- Task description:
Give all of the listing again word for word, with images excluded.

- Data section:
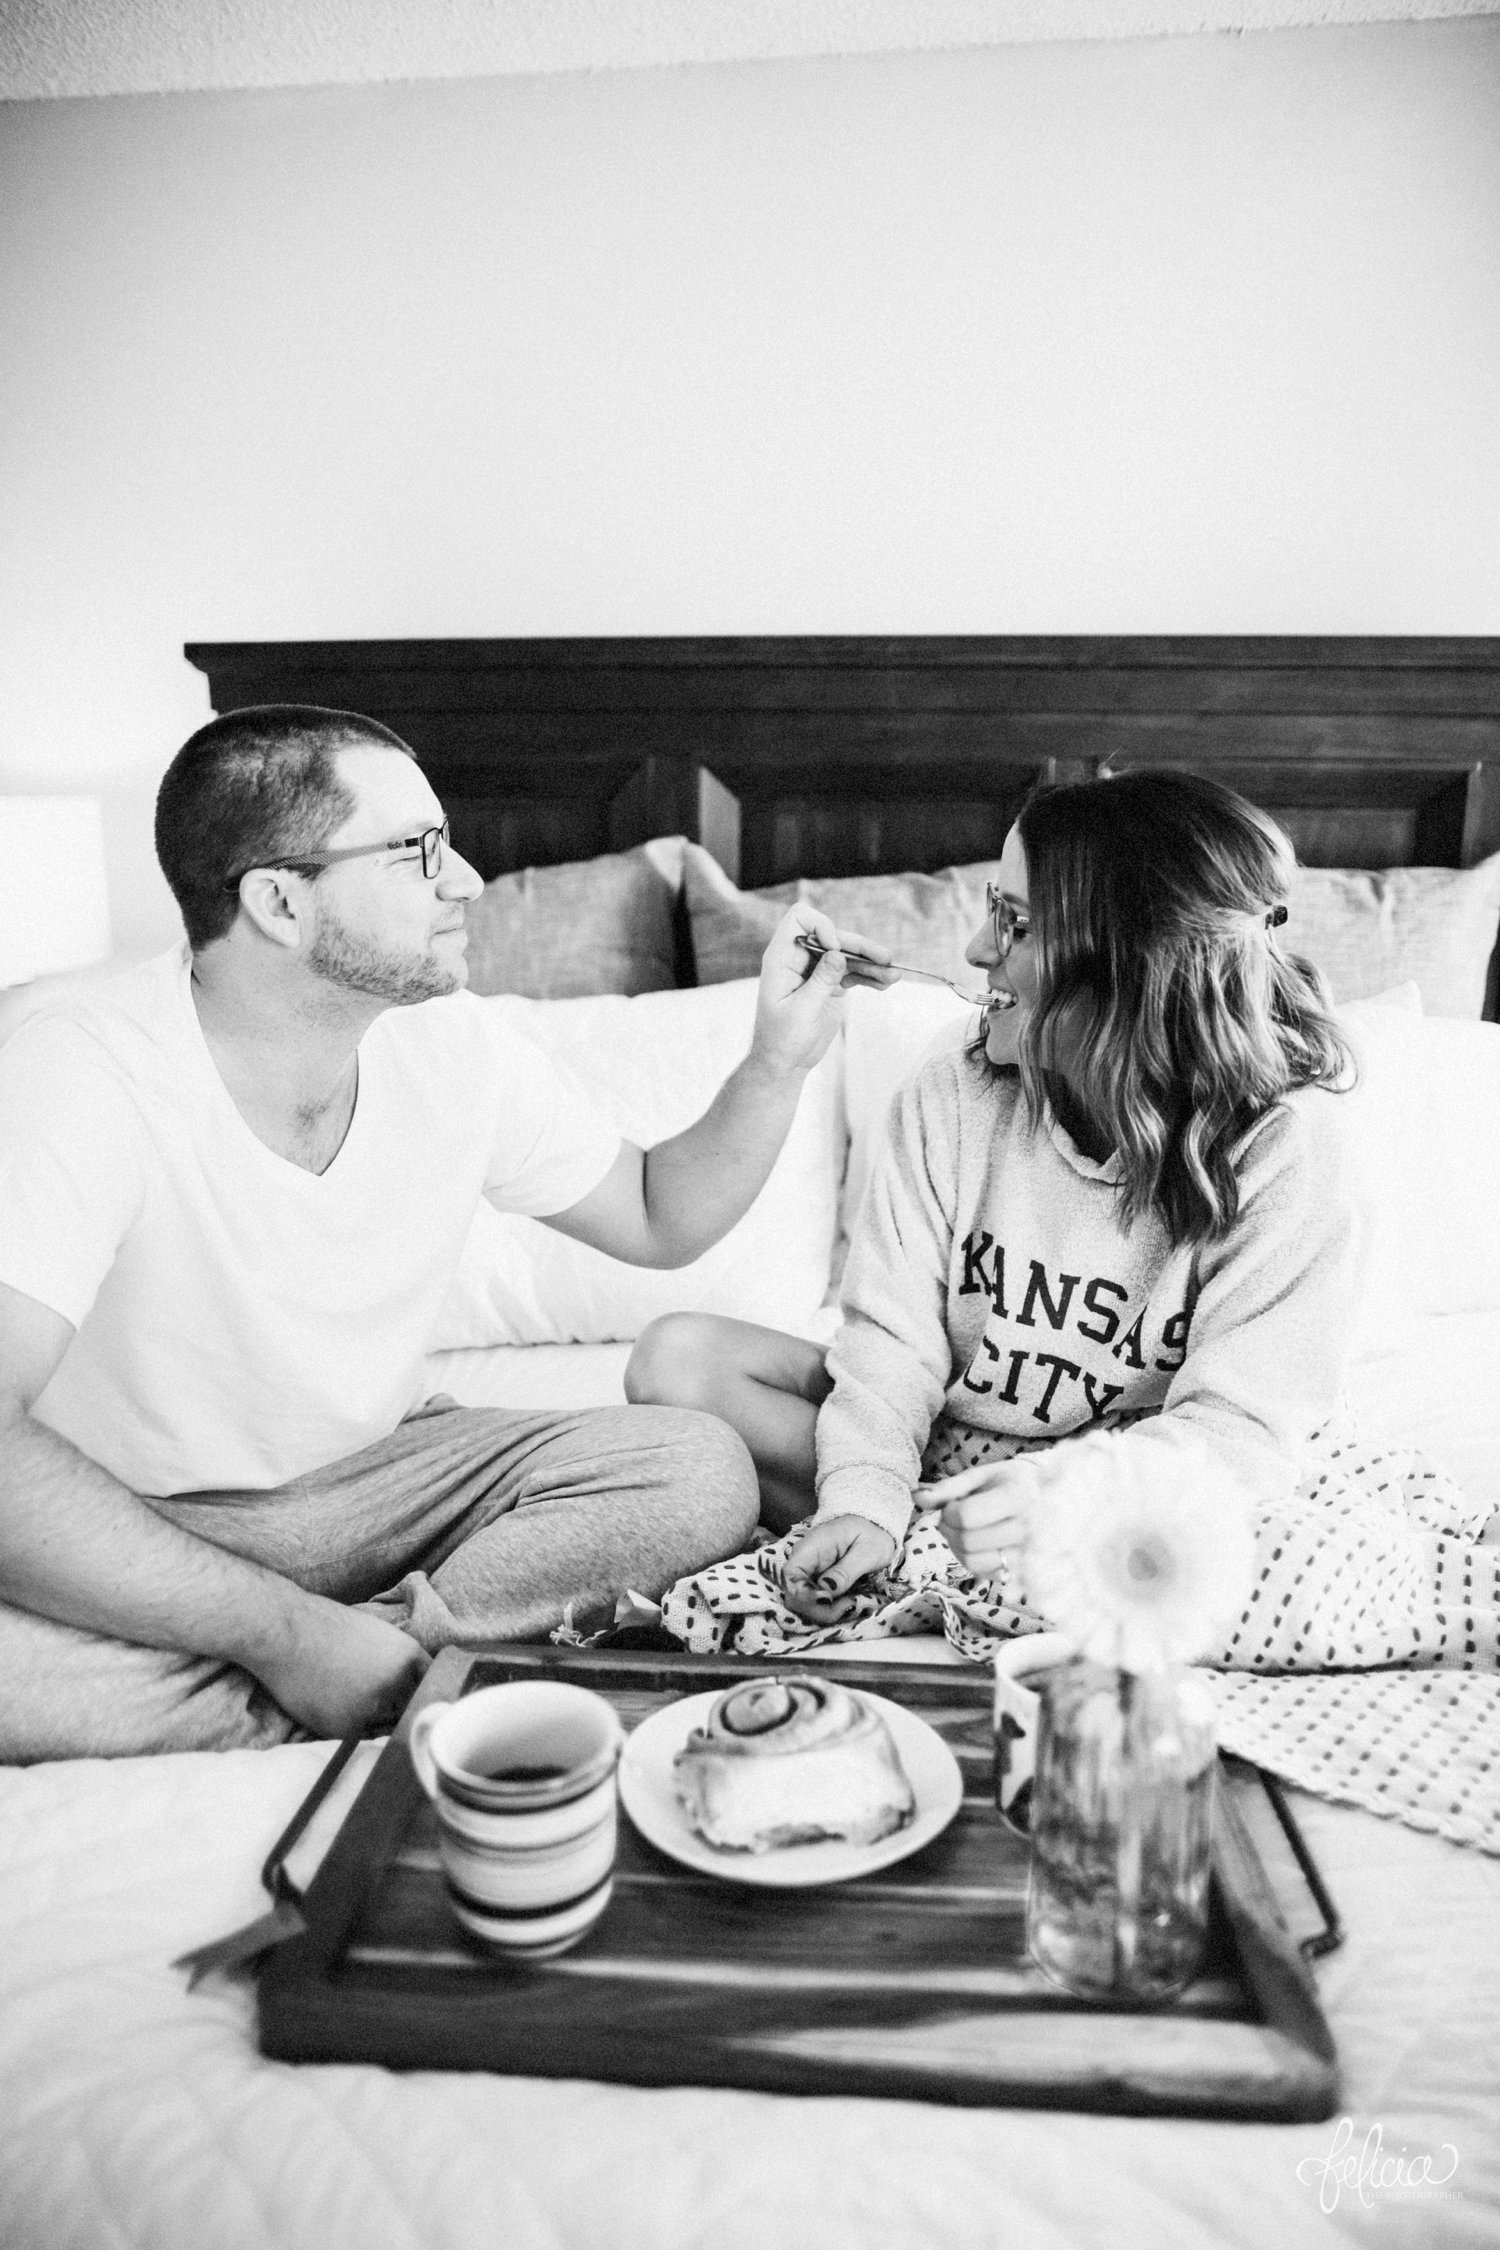 images by feliciathephotographer.com | destination photographer | engagement session | in home | lifestyle | kansas city | cozy | breakfast in bed | snuggles | golden retriever | casual | fuzzy socks | laughter | jammies | kiss | black and white | cinnamon bun | corner cafe | flower | coffee | 
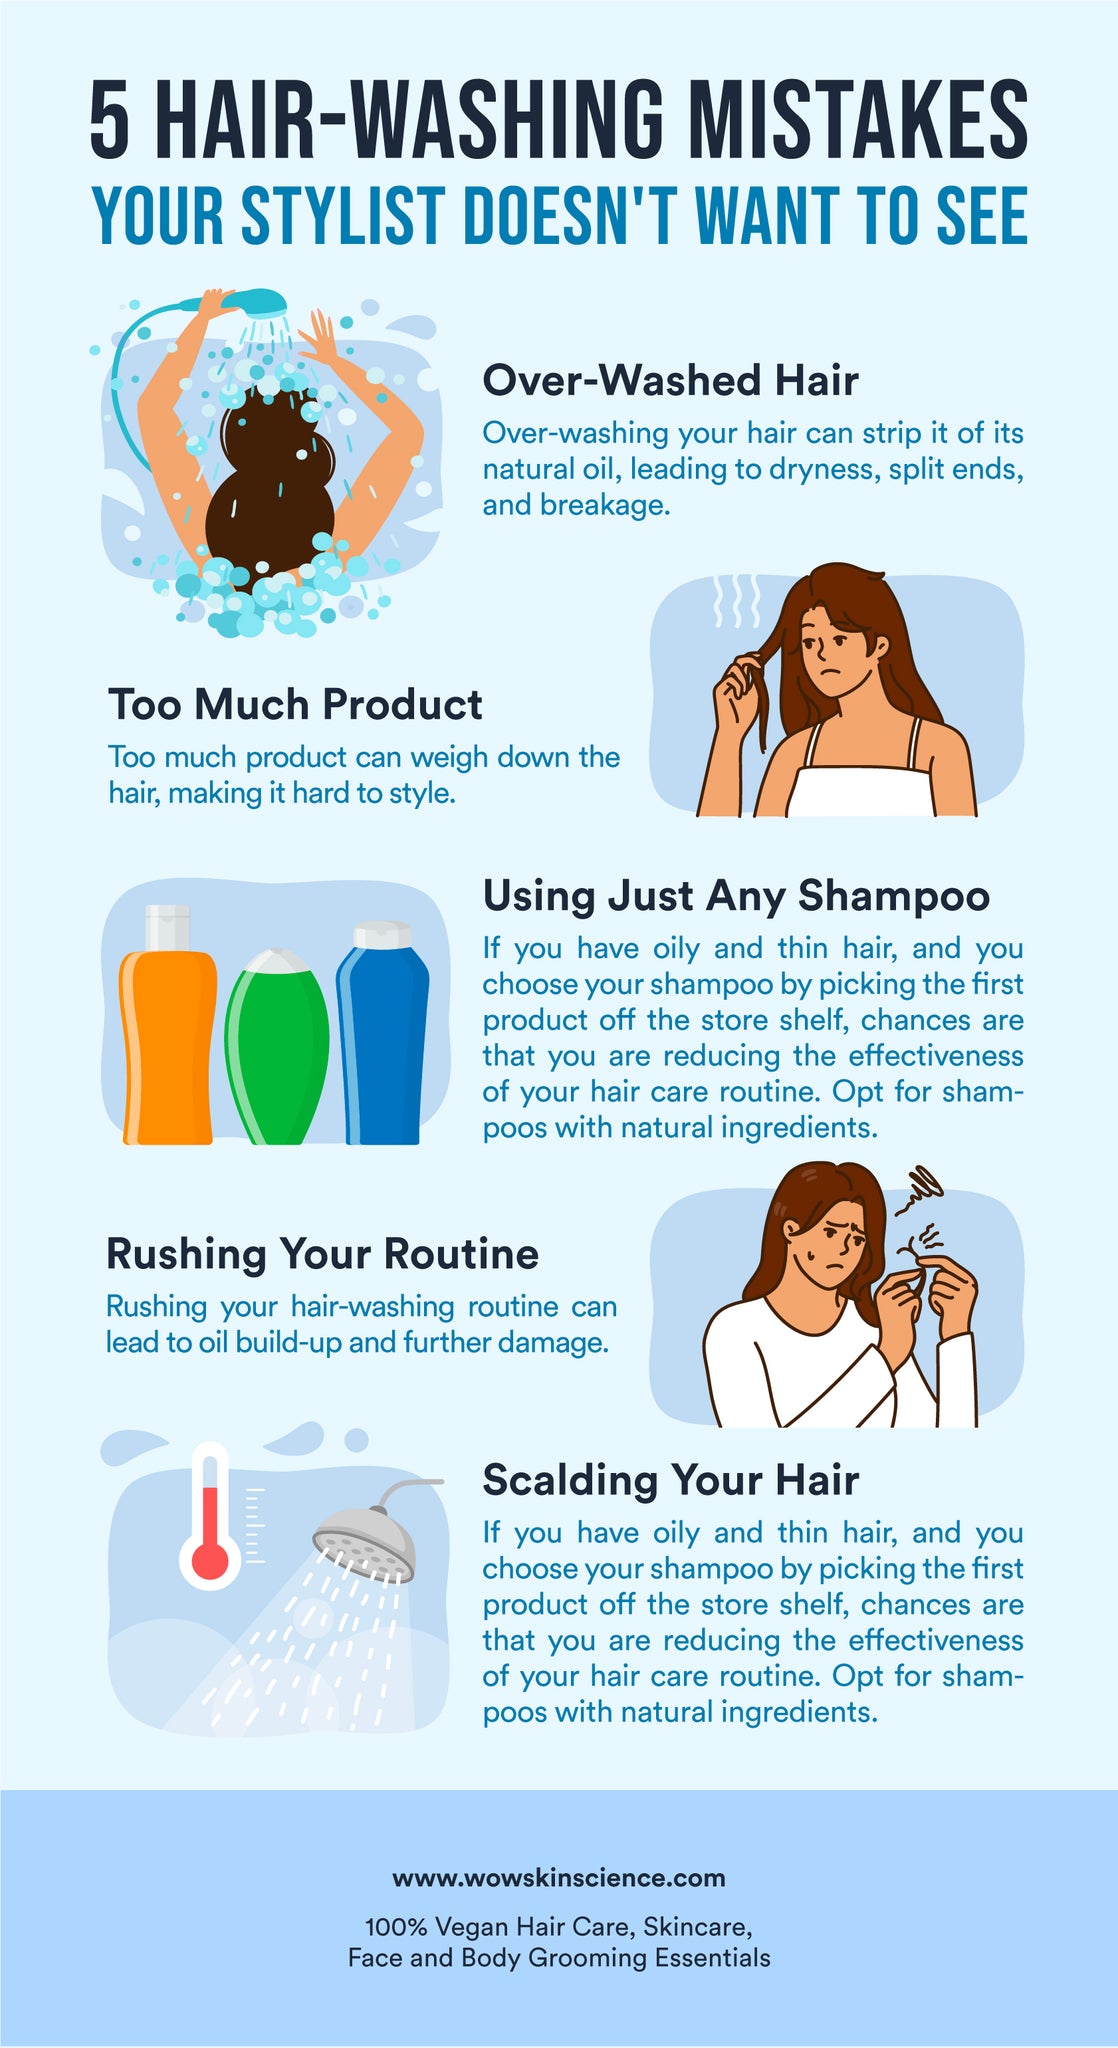 How to Care for Oily Thin Hair
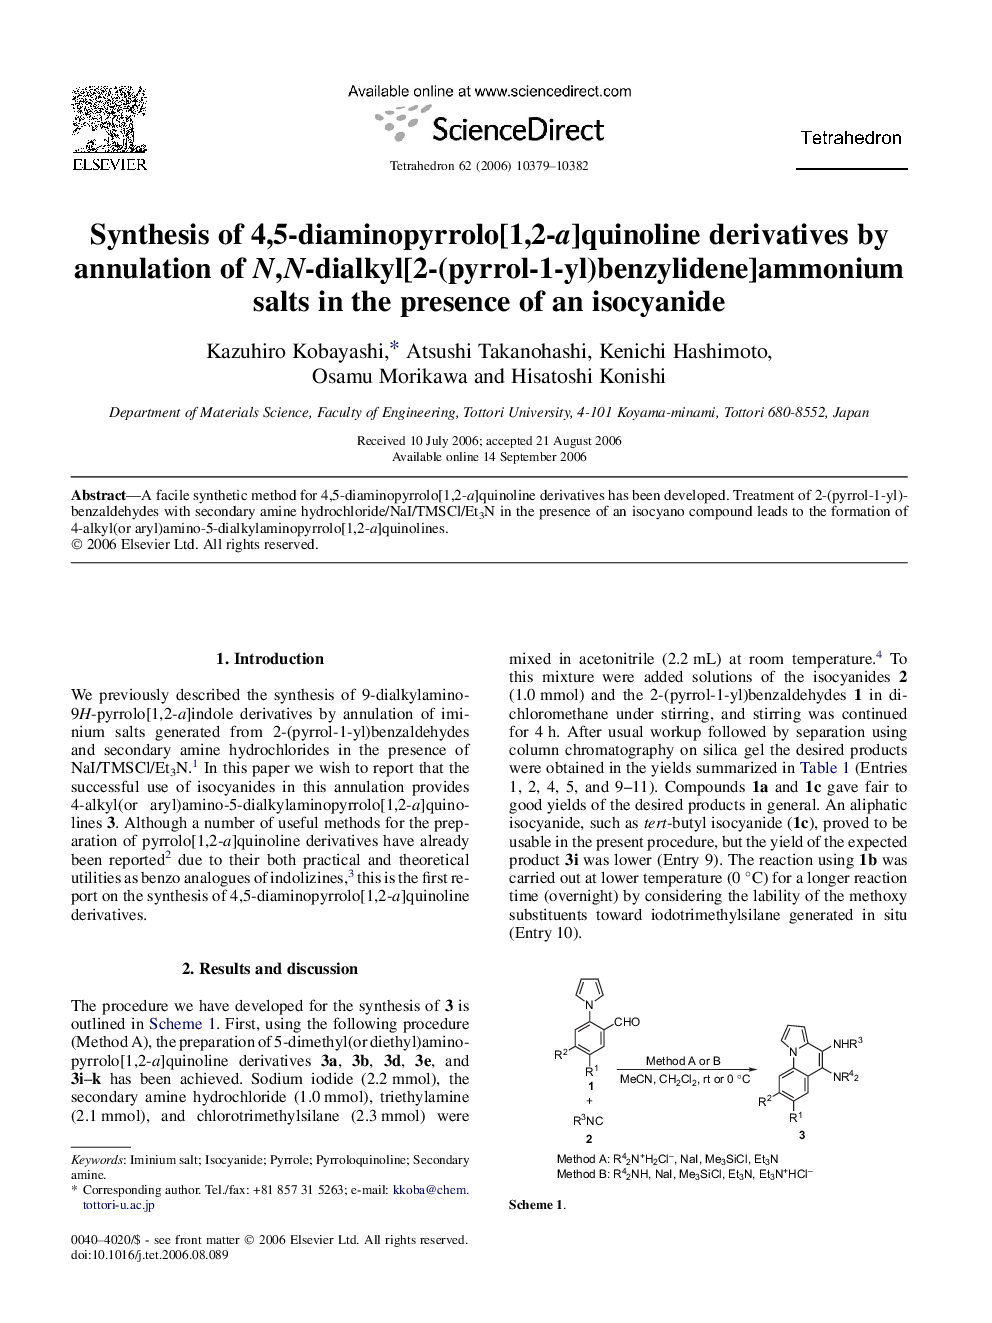 Synthesis of 4,5-diaminopyrrolo[1,2-a]quinoline derivatives by annulation of N,N-dialkyl[2-(pyrrol-1-yl)benzylidene]ammonium salts in the presence of an isocyanide

- Solved exercise:
 images by feliciathephotographer.com | destination photographer | engagement session | in home | lifestyle | kansas city | cozy | breakfast in bed | snuggles | golden retriever | casual | fuzzy socks | laughter | jammies | kiss | black and white | cinnamon bun | corner cafe | flower | coffee | 
 How to Care for Oily Thin Hair
 Synthesis of 4,5-diaminopyrrolo[1,2-a]quinoline derivatives by annulation of N,N-dialkyl[2-(pyrrol-1-yl)benzylidene]ammonium salts in the presence of an isocyanide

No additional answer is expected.